Méditerranée et étang de Thau
Les moules de Thau atteignent une qualité adaptée entre fin juin et fin novembre, voire début décembre. Leur cycle de reproduction diffère de celui des moules atlantiques. Une fois la ponte engagée, la chair se vide rapidement : la moule devient gorgée d’eau et perd son intérêt gustatif. Les vagues de chaleur marines affectent cette zone de façon plus intense, avec des risques de mortalité accrus en plein été.
À l’inverse, les moules d’Espagne, disponibles en hiver, restent charnues jusqu’en février. Certains producteurs de Thau pratiquent le retrempage de moules espagnoles dans l’étang en janvier pour prolonger leur offre, mais la réglementation impose six mois minimum avant de pouvoir changer l’appellation d’origine.
Pourquoi la tendance est à des saisons de plus en plus irrégulières
Sur la période récente, les dates d’ouverture de la saison AOP montrent une dispersion croissante. Entre 2012 et 2024, la majorité des lancements se situaient entre le 15 et le 30 juillet. Les années 2022 et 2026 ont toutes deux vu l’ouverture repoussée au-delà du 11 août.

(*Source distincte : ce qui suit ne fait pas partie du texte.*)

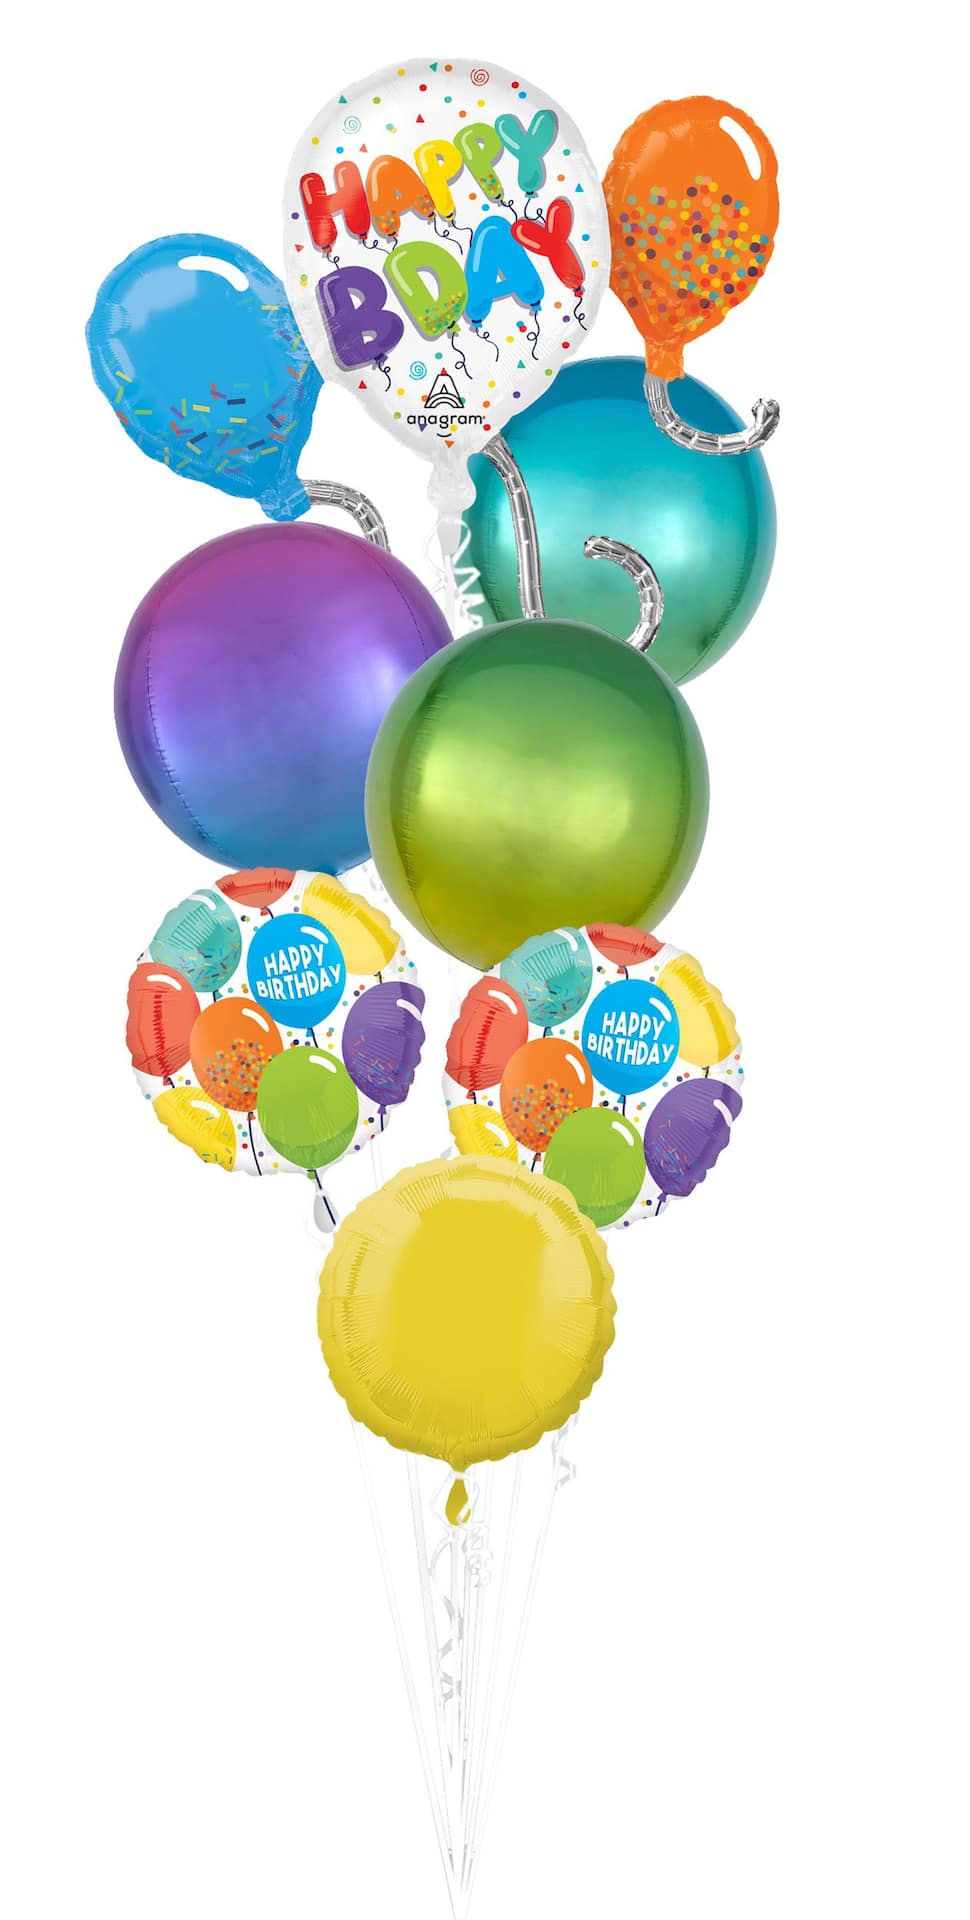 Ballon Rond - Anniversaire 20 ans points colorés - Bouquet de Ballons
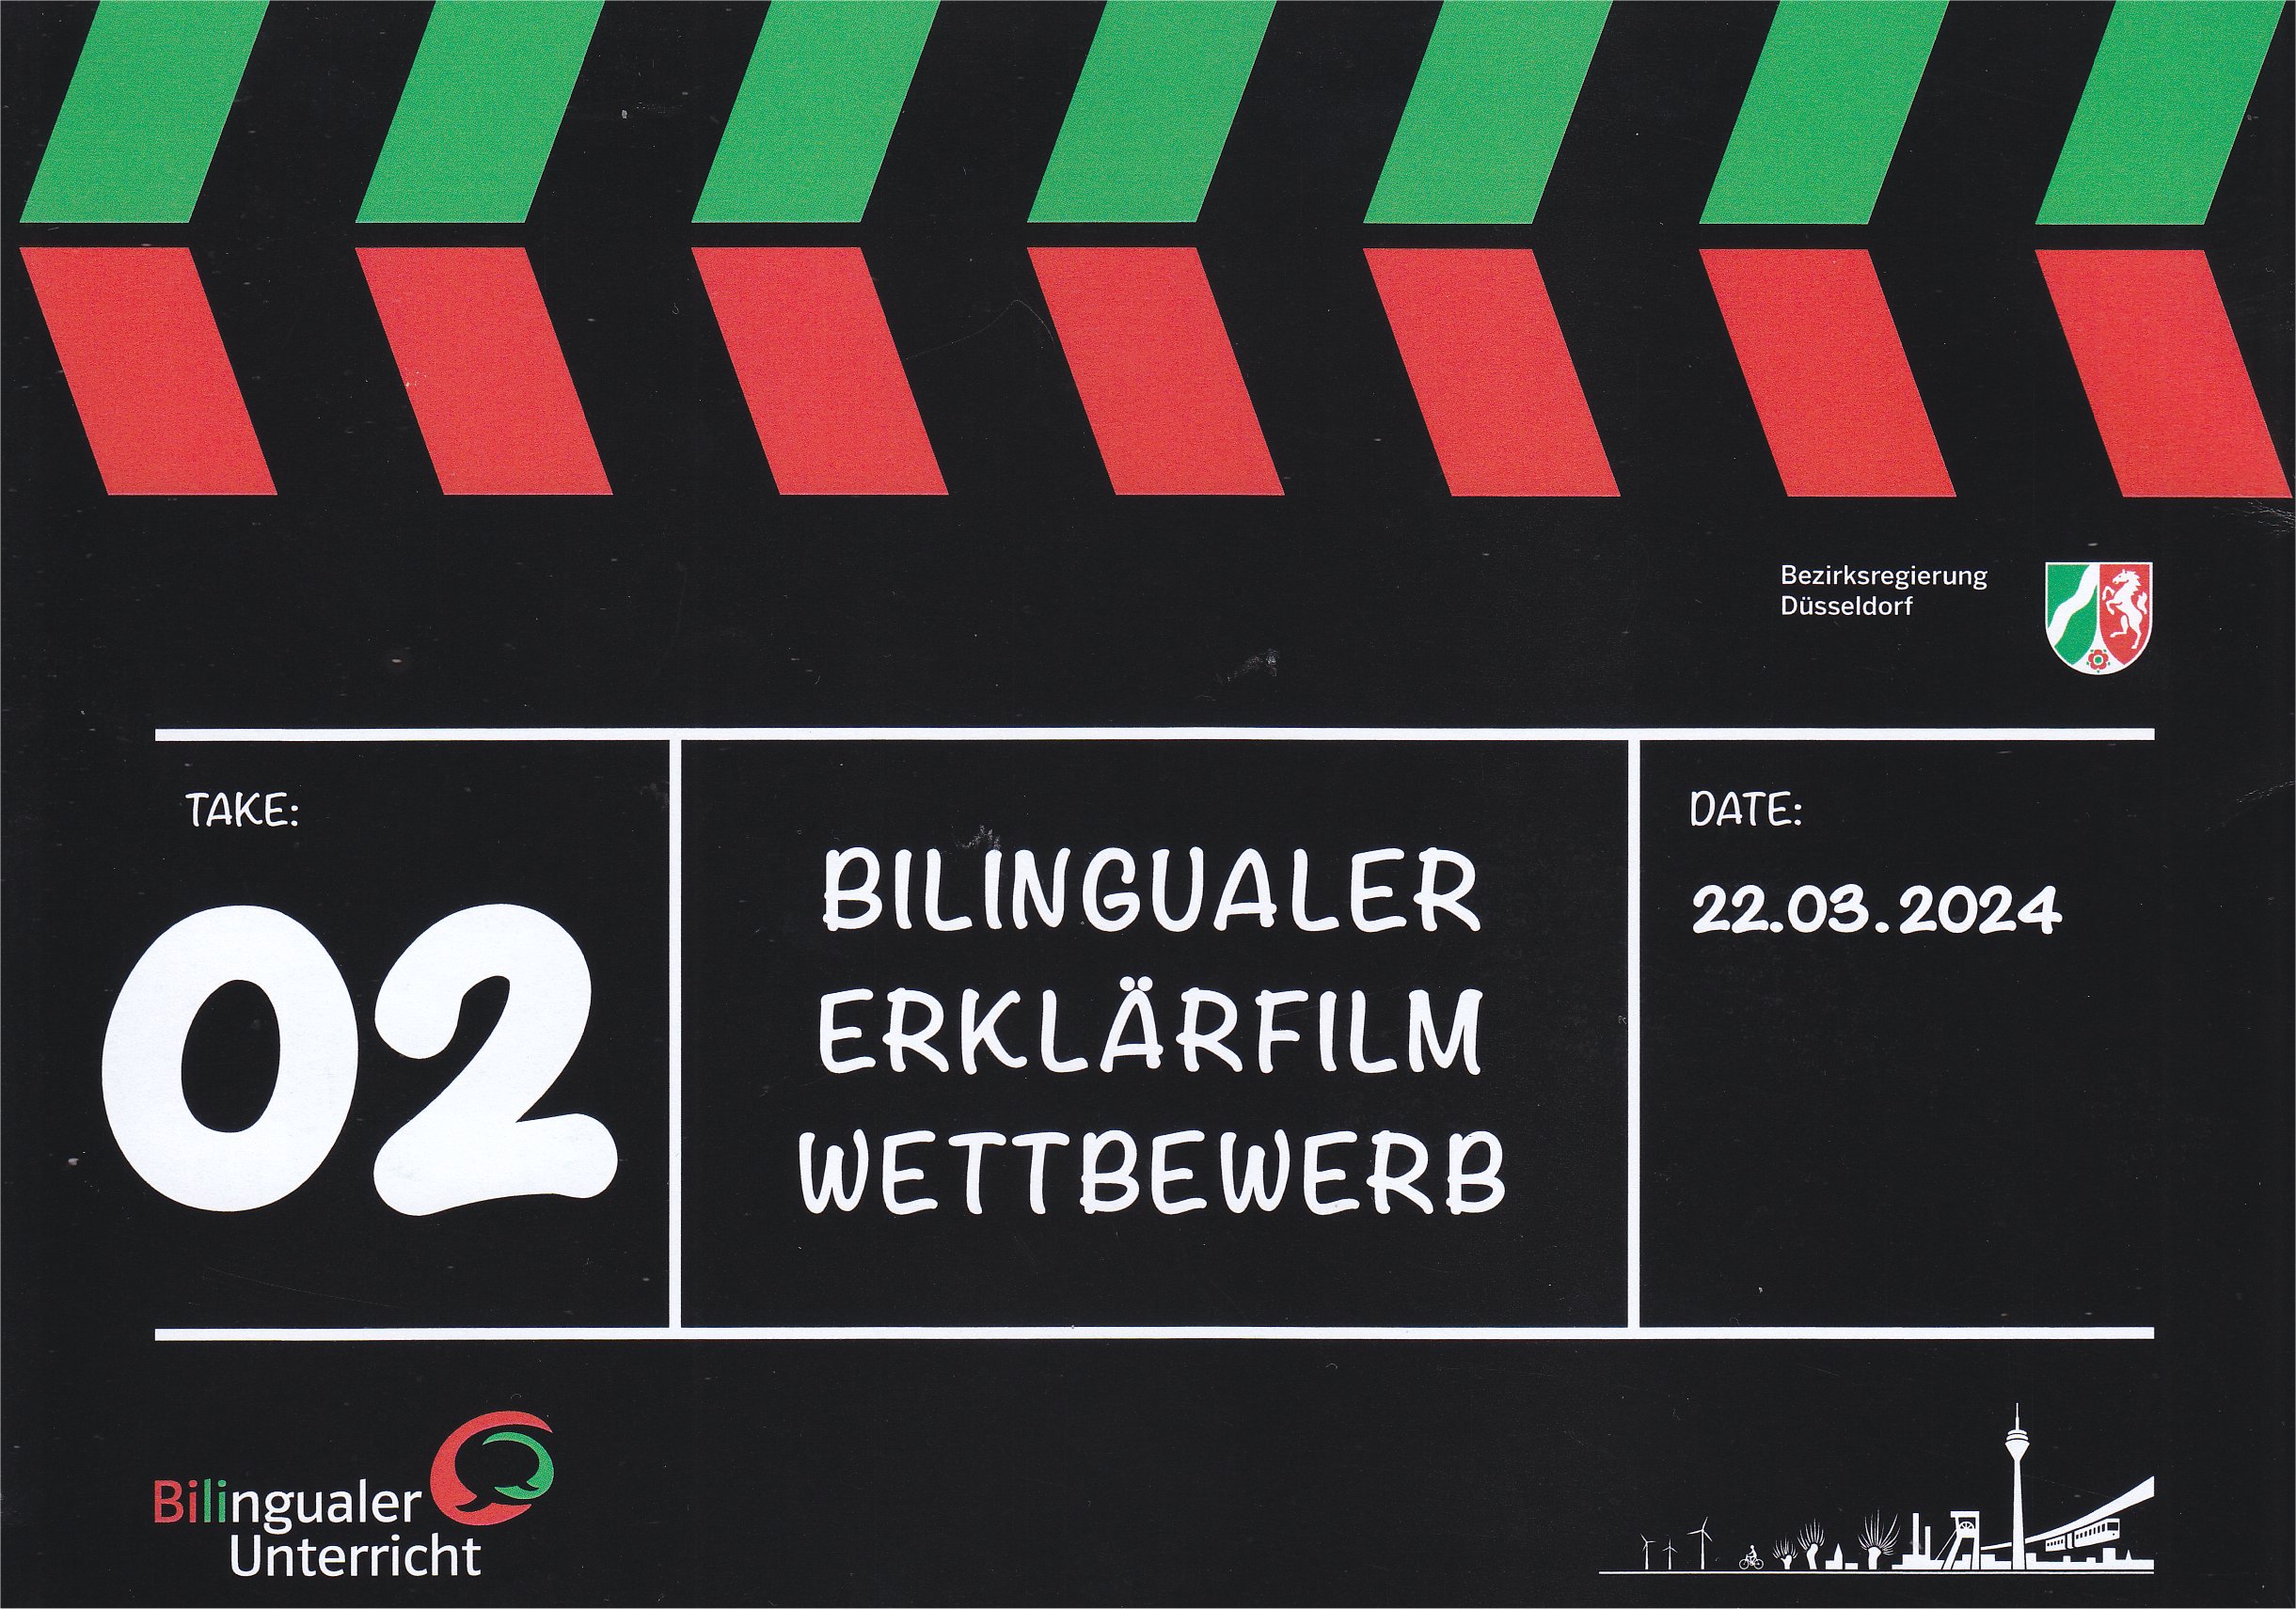 Nachrichtenbild: Die Klasse 8c nimmt am bilingualen Erklärfilmwettbewerb teil

Cette tendance est cohérente avec l’augmentation de la fréquence des sécheresses printanières et des épisodes de chaleur marine sur les côtes françaises. La saison des moules de bouchot devient un indicateur concret du dérèglement climatique littoral.
Pour les consommateurs, la conséquence est simple : il n’existe plus de date de début de saison fiable d’une année sur l’autre. Le label AOP garantit que les moules mises en vente respectent un niveau de qualité, mais le calendrier de cette mise en vente dépend désormais de variables météorologiques que personne ne maîtrise. Suivre les annonces du comité AOP reste la seule façon de savoir quand la saison démarre réellement.